Health risks from galactic cosmic rays (GCR) in space travel above low earth orbit remain a concern. For many years accelerator experiments investigating space radiation induced prevalence of murine Harderian gland (HG) tumorigenesis have been performed to help estimate GCR risks. Most studies used acute, relatively low fluence, exposures. Results on a broad spectrum of individual ions and linear energy transfers (LETs) have become available. However, in space, the crew are exposed simultaneously to many different GCR. Recent upgrades at the Brookhaven NASA Space Radiation Laboratory (NSRL) now allow mixtures in the form of different one-ion beams delivered in rapid sequence. This paper uses the results of three two-ion mixture experiments to illustrate conceptual, mathematical, computational, and statistical aspects of synergy analyses and also acts as an interim report on the mixture experiments' results. The results were interpreted using the following: (a) accumulated data from HG one-ion accelerator experiments; (b) incremental effect additivity synergy theory rather than simple effect additivity synergy theory; (c) parsimonious models for one-ion dose-effect relations; and (d), computer-implemented numerical methods encapsulated in freely available open source customized software. The main conclusions are the following. As yet, the murine HG tumorigenesis experimental studies show synergy in only one case out of three. Moreover, some theoretical arguments suggest GCR-simulating mixed beams are not likely to be synergistic. However, more studies relevant to possible synergy are needed by various groups that are studying various endpoints. Especially important is the possibility of synergy among high-LET radiations, since individual high-LET ions have large relative biological effectiveness for many endpoints.

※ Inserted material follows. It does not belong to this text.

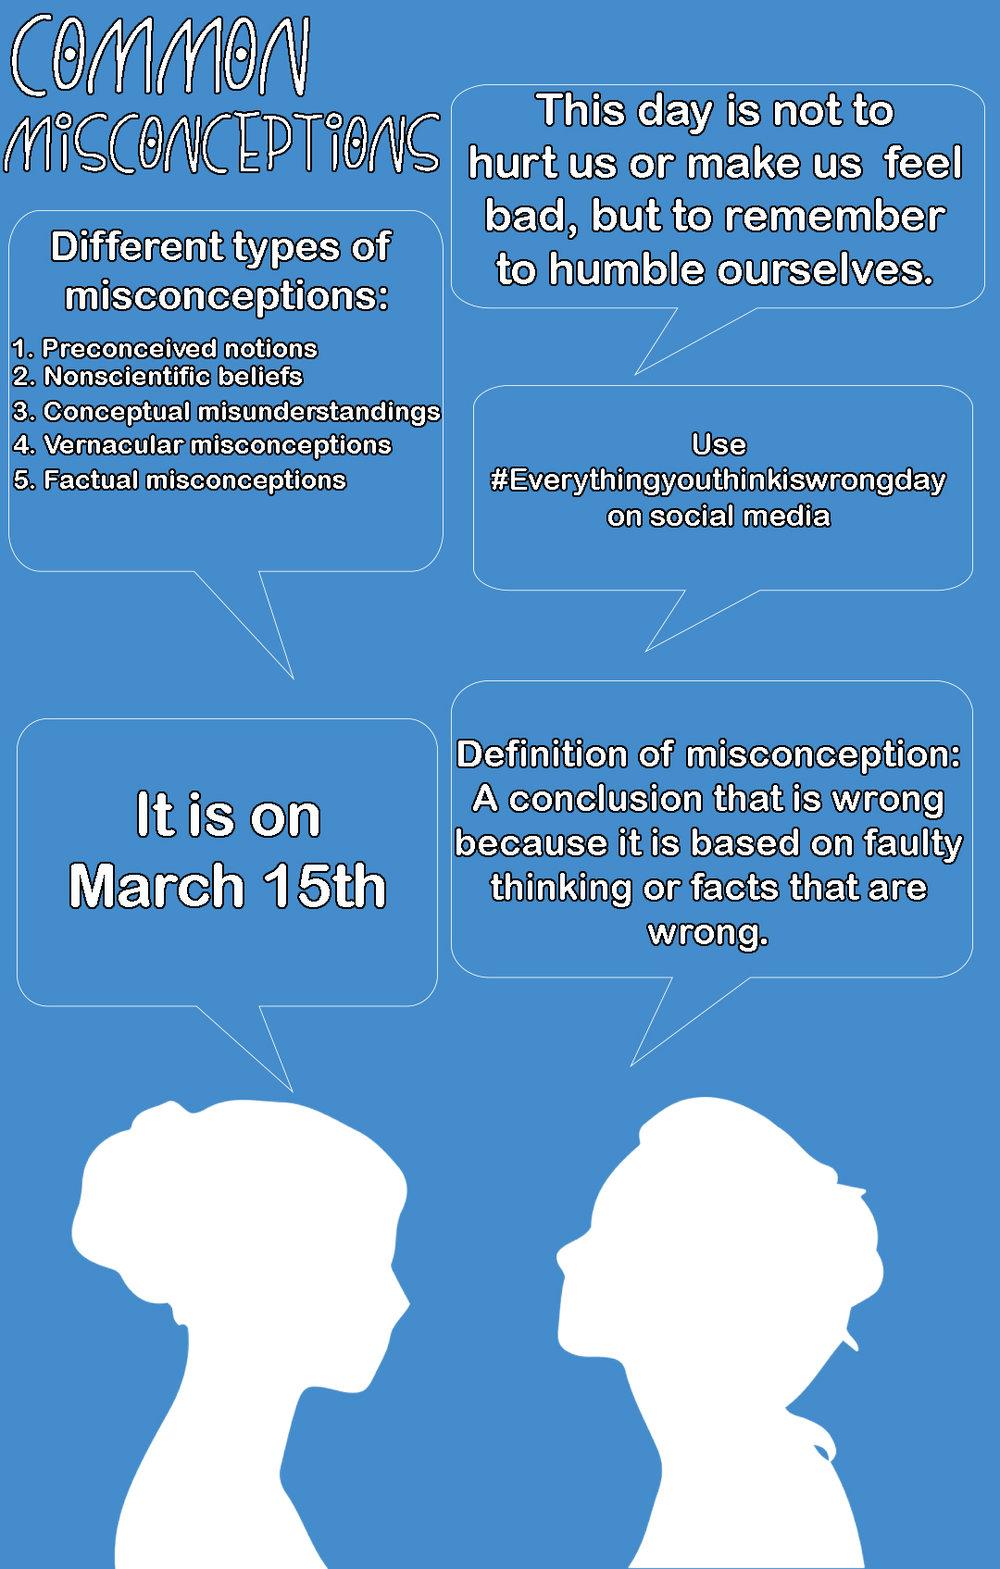 infographic_misconception2 - practicum.jpg

Selected terminology, symbols, and abbreviations. DER – dose-effect relation; E(d) – DER of a one-ion beam, where d is dose; HG prevalence p – in this paper, p is the number of mice with at least one Harderian gland tumor divided by the number of mice that are at risk of developing Harderian gland tumors (so that in this paper prevalence p can never, conceptually speaking, be greater than 1); IEA – incremental effect additivity synergy theory; synergy level – a specification, exemplified in Fig. 5, of how clear-cut an observed synergy is; mixmix principle – a consistency condition on a synergy theory which insures that the synergy theory treats mixtures of agent mixtures in a mathematically self-consistent way; NTE – non-targeted effect(s); NSNA – neither synergy nor antagonism; SEA – simple effect additivity synergy theory; TE – targeted effect(s); β* – ion speed relative to the speed of light, with 0 < β* < 1; SLI – swift light ion(s).

低地球轨道上方的太空旅行中来自银河系宇宙射线（GCR）的健康风险仍然令人担忧。多年来，已经进行了加速器实验，以研究太空辐射引起的鼠类哈德氏腺（HG）肿瘤发生率，以帮助估计GCR风险。大多数研究使用急性，相对低通量的暴露量。广泛的单个离子和线性能量转移（LET）的结果已可供使用。但是，在太空中，机组人员同时暴露于许多不同的GCR。Brookhaven NASA太空辐射实验室（NSRL）的最新升级现在允许以快速序列传送不同单离子束形式的混合物。本文使用三个两离子混合实验的结果来说明概念，数学，计算，和协同分析的统计方面，还可以作为混合物实验结果的临时报告。使用以下方法解释结果：（a）HG单离子加速器实验的累积数据；（b）增量效应可加协同理论而不是简单效应可加协同理论；（c）一离子剂量效应关系的简约模型；（d）封装在免费提供的开源定制软件中的计算机实现的数值方法。主要结论如下。迄今为止，鼠类HG肿瘤发生实验研究显示只有三分之一的病例具有协同作用。此外，一些理论论据表明，模拟GCR的混合光束不太可能具有协同作用。然而，研究各种终点的各个小组还需要进行更多与可能的协同作用相关的研究。特别重要的是在高LET辐射之间产生协同作用的可能性，因为单个高LET离子对许多终点都具有较大的相对生物学有效性。

选定的术语，符号和缩写。DER –剂量效应关系；E（d）–单离子束的DER，其中d为剂量；HG患病率p –在本文中，p是具有至少一种哈德氏腺瘤的小鼠数除以有发生哈德氏腺瘤风险的小鼠数（因此，本文患病率p从概念上讲，永远不能大于1）；IEA –增量效应可加协同理论；协同水平–规范，如图5所示，观察到的协同作用有多清晰；mixmix原理–协同理论的一致性条件，可确保协同理论以数学上自洽的方式处理代理混合物的混合物；NTE –非目标效应；NSNA –既不协同也不拮抗；SEA –简单效应可加协同理论；TE –目标效果；β * –离子相对于光速的速度，0 < β * <1；SLI –快速的轻离子。